Can you please respond to Brian's questions?
Unfortunately the setup no longer exists. However, the selinux error in comment #6 are similar to the one at https://bugzilla.redhat.com/show_bug.cgi?id=835936 and addressed in selinux-policy-3.7.19-155.el6_3.6
Taking another look at the libvirtd.log, I see snippets similar to that below for several VMs. This suggests a VM was paused due to a failed write (EACCES, "Permission denied"), but I'm not seeing anything that correlates this to a problem in gluster. FWIW, I've been doing significant rhevm testing on a dhtrep2 volume the past couple of weeks (including doing migrations/self-heals) and I've yet to see a VM paused error as described here.
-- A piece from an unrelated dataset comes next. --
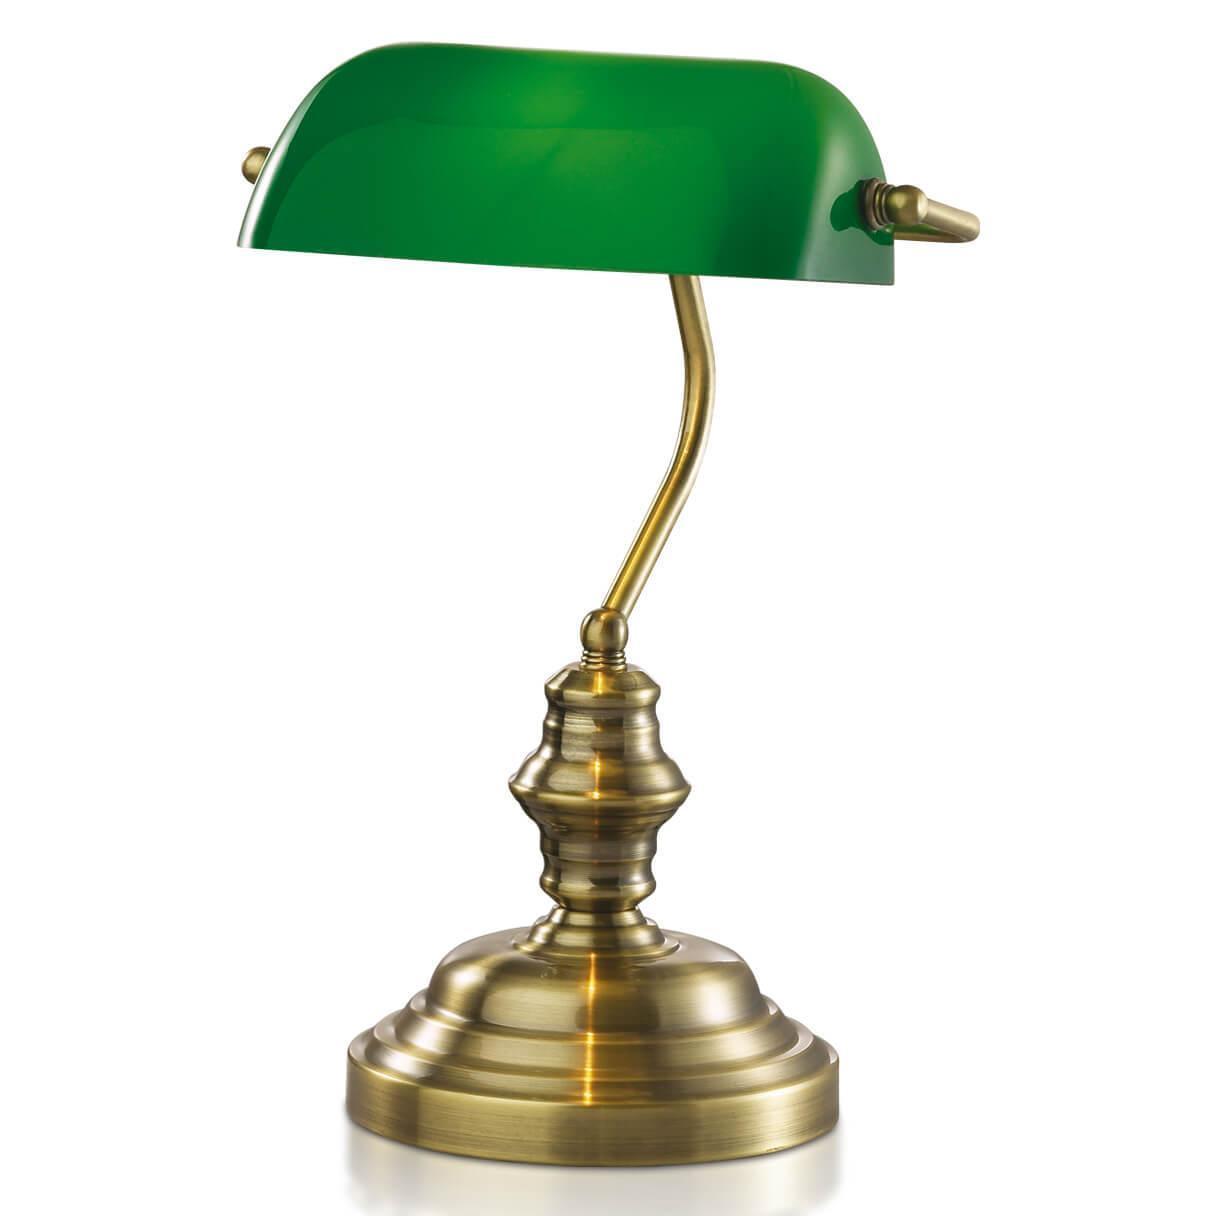 Настольный светильник Odeon Light 2224/1T, E27, 60 Вт настольная лампа odeon light tres 2224 1t

I think we'll need more information to make further progress with this bug: - Some kind of insight into the steps to reproduce. - Ideally, access to an effected setup in this state to determine reproducibility, persistence of the error and potentially to debug. --- libvirtd.log --- qemuMonitorEmitIOError:954 : mon=0x7f49d81261d0 qemuMonitorRef:201 : QEMU_MONITOR_REF: mon=0x7f49d81261d0 refs=4 qemuProcessHandleIOError:854 : Transitioned guest VM_5 to paused state due to IO error qemuProcessHandleIOError:864 : Preserving lock state '(null)' qemuMonitorUnref:210 : QEMU_MONITOR_UNREF: mon=0x7f49d81261d0 refs=3 qemuMonitorUnref:210 : QEMU_MONITOR_UNREF: mon=0x7f49d81261d0 refs=2 virDomainFree:2313 : dom=0x97a350, (VM: name=VM_5, uuid=0e8a2034-f4b1-4d34-8859-47e35793373e) virDomainFree:2313 : dom=0x97a350, (VM: name=VM_5, uuid=0e8a2034-f4b1-4d34-8859-47e35793373e) qemuMonitorRef:201 : QEMU_MONITOR_REF: mon=0x7f49d81261d0 refs=3 qemuMonitorIOProcess:327 : QEMU_MONITOR_IO_PROCESS: mon=0x7f49d81261d0 buf={"timestamp": {"seconds": 1347628099, "microseconds": 478179}, "event": "STOP"}^M {"timestamp": {"seconds": 1347628099, "microseconds": 478478}, "event": "BLOCK_IO_ERROR", "data": {"device": "drive-virtio-disk0", "__com.redhat_debug_info": {"message": "Permission denied", "errno": 13}, "__com.redhat_reason": "eother", "operation": "write", "action": "stop"}}
Setting this closed due to insufficient data. Please re-open if we can reproduce with more data and potential access to the configuration in this state.